At the outbreak of World War Two, the British aviation industry expanded greatly. There was great need for the Rolls-Royce Merlin engine with shadow factories being established in Crewe, Manchester, and Glasgow. This was not enough to meet increasing demand with the British government looking to expand production using U.S. manufacturers. An agreement was reached between Rolls-Royce and the Packard Motor Car Company in September 1940 to manufacture the Merlin under license, with a $130,000,000 order being placed. The first Packard-built engine, designated V-1650-1, ran in August 1941.

The first American model was a version of the Mark XX, designated the V-1650-1 by the American military and the Packard Merlin 28 by the British. This engine used a single-stage, two-speed supercharger, the gear changing mechanism of which originally came from a French Farman patent license. The Merlin 28 was used for the Avro Lancaster bomber. The USAAF V-1650-1 version of this engine was used in the Curtiss P-40Fs. The initial Packard modifications to this engine changed the main crankshaft bearings from a copper-lead alloy to a silver-lead combination and featured indium plating. The bearing coating improved the break-in (running-in) and load-carrying abilities of the surface.

In answer to a request from the British Air Ministry for a high-altitude Merlin for the pressurised Wellington VI high-altitude bomber, a Rolls-Royce team under the direction of Stanley Hooker developed a Merlin with two-stage supercharging, which became the Merlin 60-series. The first 60-series engine ran in March 1941, and was first flown in July the same year. When only 63 examples of the otherwise-cancelled Wellington VI were produced, these engines were instead introduced on the Spitfire IX as the Merlin 61.

This model was later produced by Packard as the V-1650-3 and became known as the "high altitude" Merlin destined for the P-51, the first two-stage Merlin-Mustang conversion flying with a Merlin 65 as the Mustang X in October 1942, the production V-1650-3 engined P-51B (Mustang III) entering service in 1943. The two-speed, two-stage supercharger section of the two-stage Merlins and V-1650-3 featured two separate impellers on the same shaft that were normally driven through a gear train at a ratio of 6.391:1. A hydraulic gear change arrangement of oil-operated clutches could be engaged by an electric solenoid to increase this ratio to 8.095:1 in high speed blower position.

The high speed gear ratio of the impellers was not as high as the ratio used in the Allison, but impeller speed is not the only factor that determines engine performance, which is also a function of the size and pitch of the impeller blades.
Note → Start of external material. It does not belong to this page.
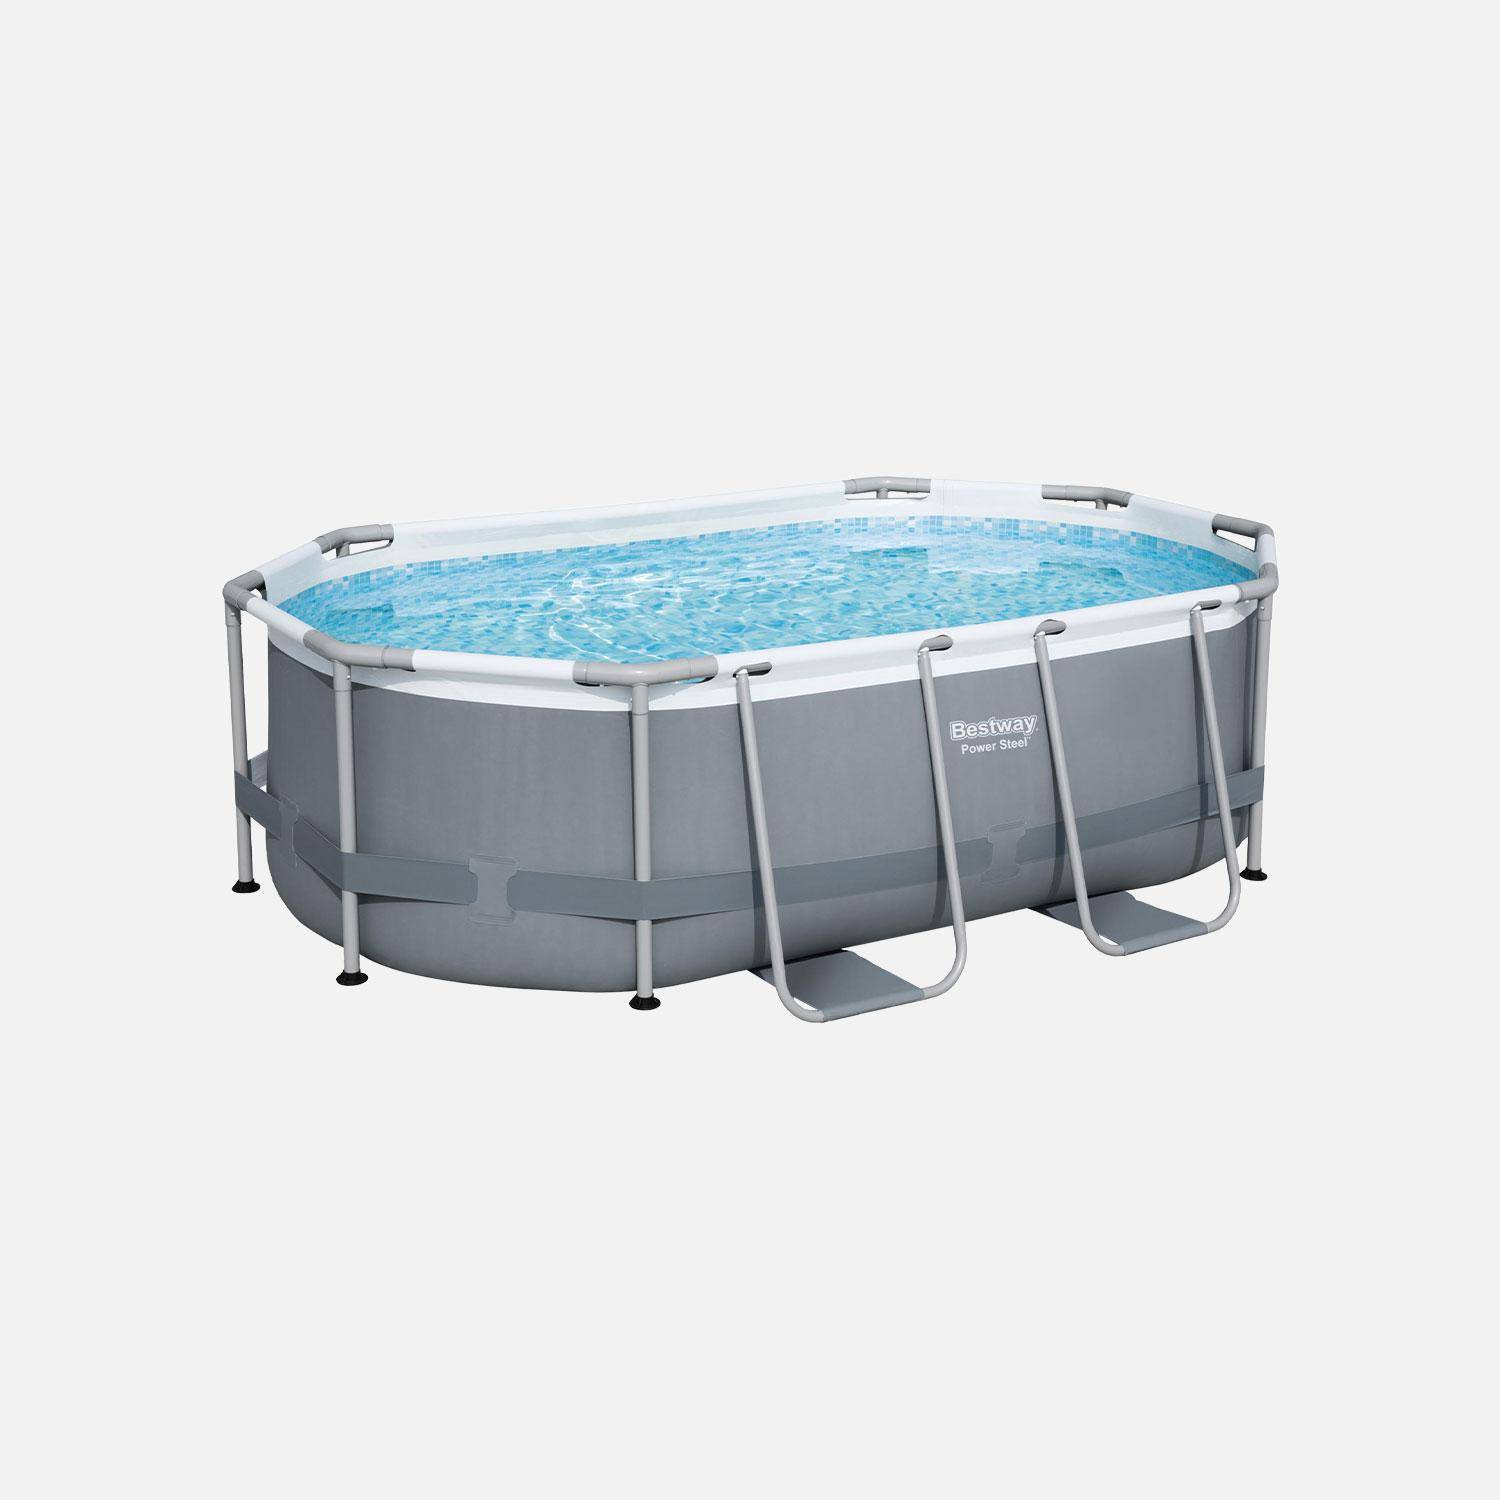 Compleet BESTWAY zwembad – Spinelle grijs – Ovaal frame zwembad 3x2 m, inclusief filterpomp en reparatieset ,sweeek,Photo2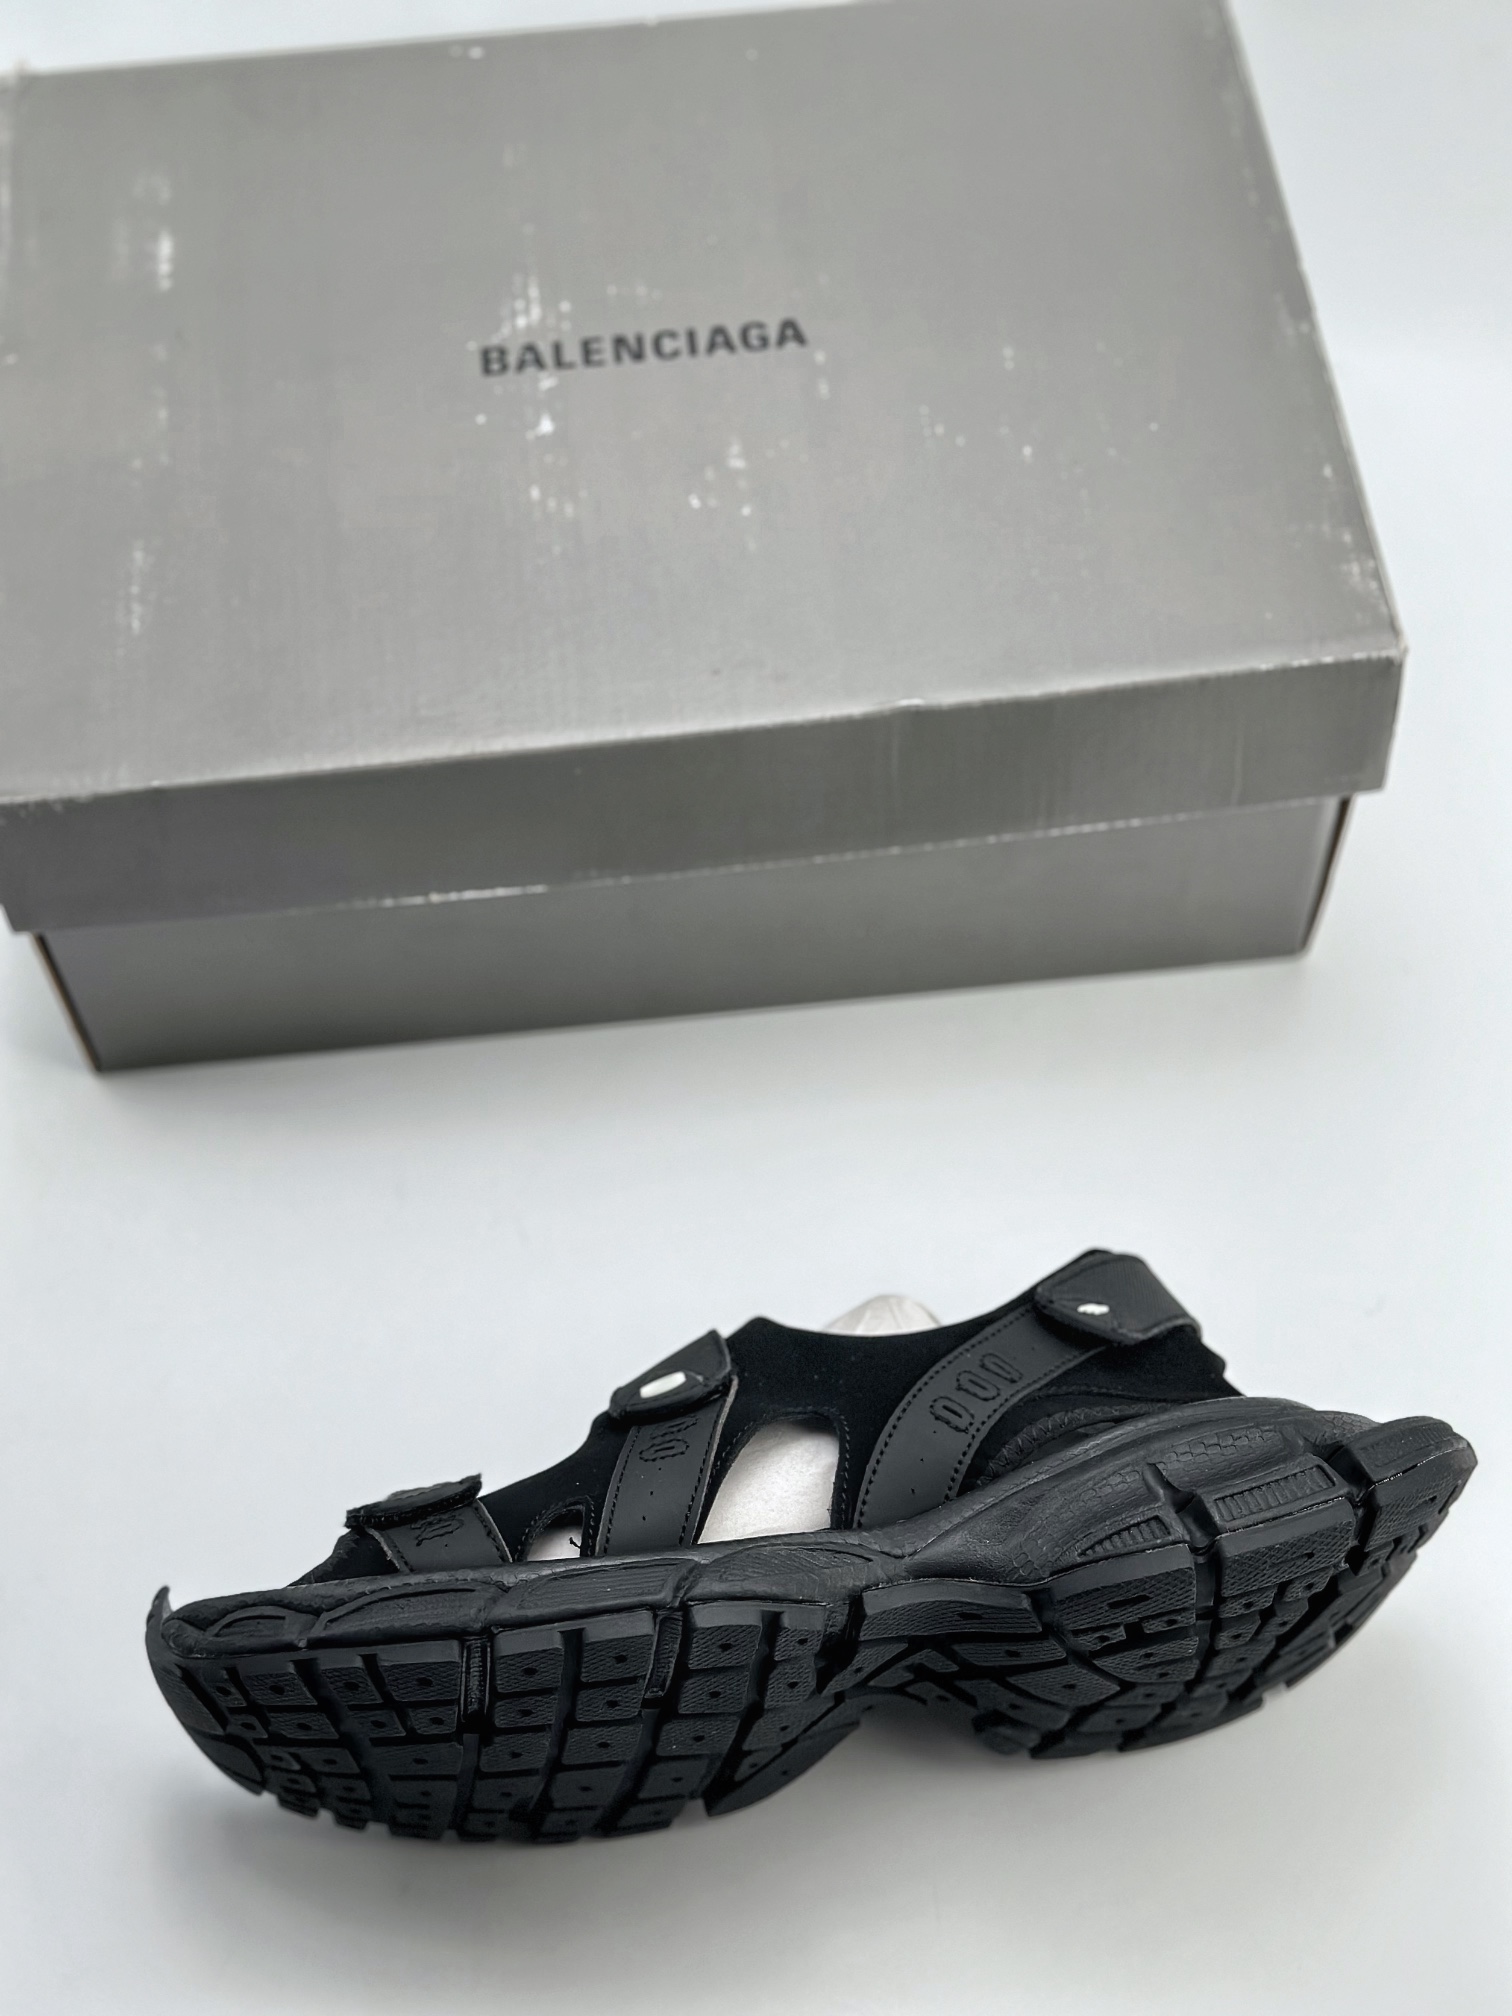 220 巴黎世家/Balenciaga 巴黎世家沙滩鞋 Balenciaga AW22 HD Sneaker 巴黎世家凉鞋 786956 W3XLT 1000

The gear-driven supercharger is a parasitic accessory; therefore, impeller gearing and blade profiles are carefully designed for maximum power at altitude without compromise of available power at the critical take off stage of flight. The double staging of the compressed fuel/air mixture provided the boost pressure through a diffuser to the intake manifolds that increased the critical altitude of the power plant.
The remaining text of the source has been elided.